Три дня я вообще не пил. Событие это для меня тогда было грандиозное. А что, спросите вы, замлетрясение, цунами, язва пищевода? Нервное истощение, потеря сознания к ебене матери, или взрыв на пивкомбинате? Да нет, не то, не то и не это. Я сдавал экзамен.

Кандидатский экзамен — вещь, сама по себе мало что значащая, так, рядовая ступенька для взлета ученого. Но это только с фасада. Призрак истины был в другом — уж так повелось в Союзе, чтобы, значит, каждый аспирант обеспечивал зарплатой кучу преподавателей. Первый, самый главный и страшный экзамен — это философия. В ее марксистском понимании, конечно. Перед сдачей экзамена будущий кандидат наук должен был написать реферат, одно название которого вызывало приступ даже не тошноты — это еще можно пережить, а абсолютного недопетривания. Я, например, писал реферат, в коем раскрывал роль материалистического фактора в научном познании. Темы рефератов могли быть совершенно убийственными, глобальными, фантасмагорическими, невозможными для простого смертного. Прикидывая на себя некоторые из них, я с ужасом вдруг осознал, что до всего этого человечество просто не доросло. Но ничего страшного не происходило, потому как есть развитие разума на планете, а есть молчаливое понимание друг друга с полуслова. Профессор хочет эээ… кушать, аспирант хочет избавиться от профессора навсегда, на весь этот спектакль страна готова выбросить деньги. На ветер, блядь.

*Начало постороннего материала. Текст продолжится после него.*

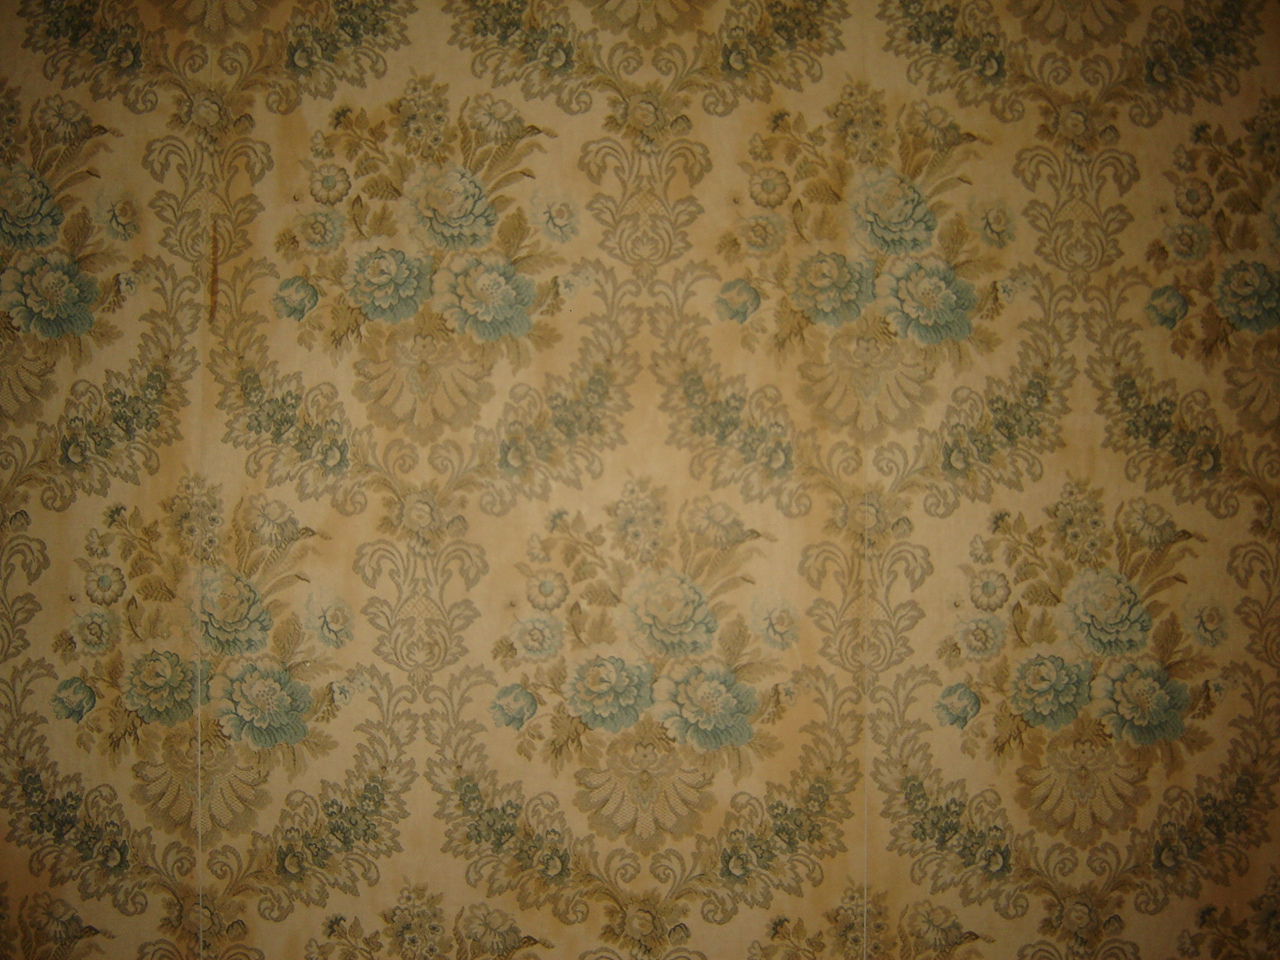 vintage desktop wallpapers vintage wallpapers vintage wallpaper 1280x960

Я залез в библиотеку, выписал чего-то древнего, взял с полки первоисточники… Вообще, какая пизда ввела в обиход это идиотское название — «первоисточники»? Библия отдыхает после этого слова… Боги обязаны покраснеть… И читать их, эти первоисточники, видимо, нужно только стоя на коленях… Абстрагируясь и не впадая в классовую эйфорию, я вполне готов что-то из всего этого даже полистать. Если меня не набивать бумагой насильно, я даже способен читать это вдумчиво. Совершенно увлеченным образом, пока меня не отравили конспектами, я, например, прочитал Энгельса «Происхождение семьи, частной собственности и государства». Я не обблевался, не ругался матом и не устраивал никаких книжных костров, потому что это — нормальная книга, написанная нормальным человеком. Правда, потом мне объяснили, что Энгельс, он, как бы, того… ну третьего сорта, полуапостол, а читать надо двух, а еще лучше — одного гиганта. Потом мне еще раз объяснили, что читать ТАК — нельзя. Ну, типа, есть официальное и утвержденное понимание того, блядь, или другого текста. А ежели мне, полудурку, приспичило иметь свое мнение, то его я иметь, конечно, могу, но нехуй это отражать на лице в виде эврики.

Так что я написал два реферата. Первым я, как ни странно, обрадовал профессора. Оказывается, он уже лет хуй знает сколько никого не разоблачал, а мое творение подходило для этого как нельзя кстати. Разъебав меня по всем абзацам, он с радостью набрасал мне планчик, которого мне и следовало придерживаться. Второй реферат я уже собирал, как конструктор Лего, из рекомендованных кусочков, даже и не пытаясь понять смысл процесса. Но как цвела идеология!

Цвела в тот период, как , впрочем, и во все другие, однако, не только идеология, но и махровый блат с подкупом. Самые богатые и занятые аспиранты — директора совхозов, например, главные специалисты хозяйств, просто нанимали кого-нибудь за деньги или, что даже понятнее — алкоголь. Самые крутые из претендентов на звание человека, сдавшего кандидатский экзамен, ограничивались телефонным звонком и каким-нибудь подарком. Им некогда, они занимаются делом и это все понимают.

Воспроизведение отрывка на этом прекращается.